Braga Sayonara Maria Lia Fook Meira, de Medeiros Francinalva Dantas, de Oliveira Eduardo Jesus, Macedo Rui Oliveira
UDEM/LTF, Universidade Federal da Paraíba, Caixa Postal 5044, CEP: 58051-970, João Pessoa, PB, Brazil.
Phytochem Anal. 2005 Jul-Aug;16(4):267-71. doi: 10.1002/pca.837.

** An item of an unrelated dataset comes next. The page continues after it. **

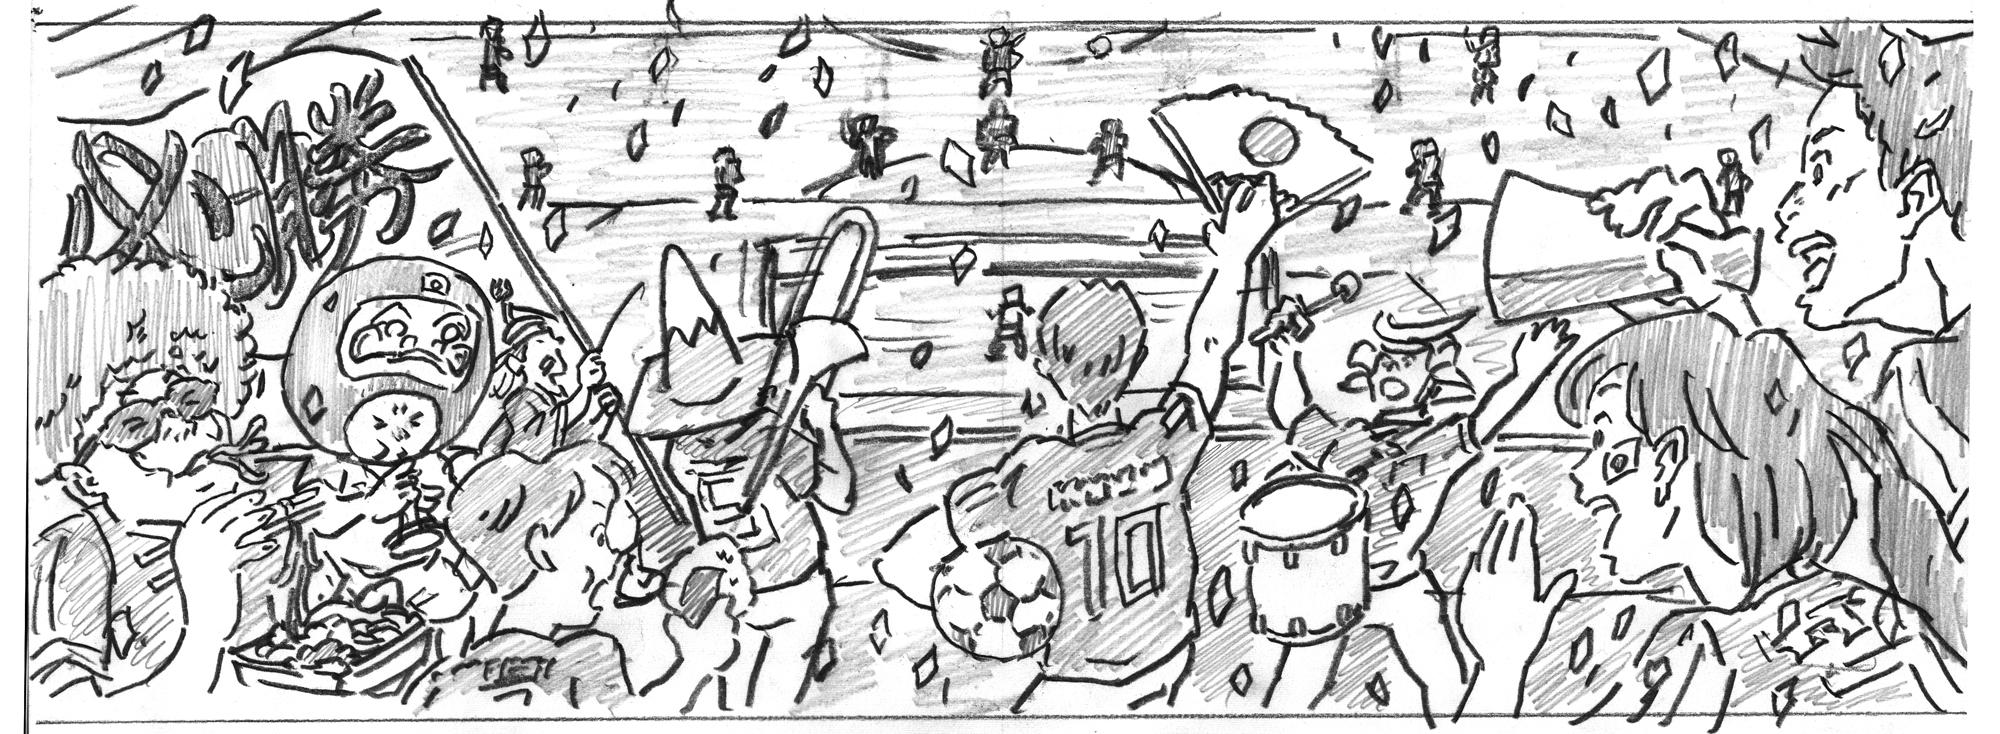 Japan World Cup Doodle Sketch

A method for the quantification of aflatoxins B1, G1, B2 and G2 in the medicinal herb Maytenus ilicifolia was developed and validated. The method used immunoaffinity columns for sample clean-up and HPLC with fluorescence detection without any derivatisation step. The method showed good inter-day accuracy (bias values in the range 4.5-10.7%) and precision (5-16% RSD) when applied to the determination of levels of aflatoxins ranging from 7 to 20 ppb in the plant material. The detection limits for samples of the plant material spiked with aflatoxins were 3.5 ng/g for B1 and G1 and 0.1 ng/g for B2 and G2. The method was successfully applied to commercial samples of Maytenus ilicifolia for the screening of aflatoxin contaminants.
开发并验证了一种用于定量药用植物冬青叶美登木中黄曲霉毒素B1、G1、B2和G2的方法。该方法使用免疫亲和柱进行样品净化,并采用高效液相色谱法结合荧光检测,无需任何衍生步骤。当应用于测定植物材料中黄曲霉毒素含量在7至20 ppb范围内时,该方法显示出良好的日间准确性(偏差值在4.5 - 10.7%范围内)和精密度(相对标准偏差为5 - 16%)。添加了黄曲霉毒素的植物材料样品的检测限为:B1和G1为3.5 ng/g,B2和G2为0.1 ng/g。该方法已成功应用于冬青叶美登木的商业样品,用于黄曲霉毒素污染物的筛查。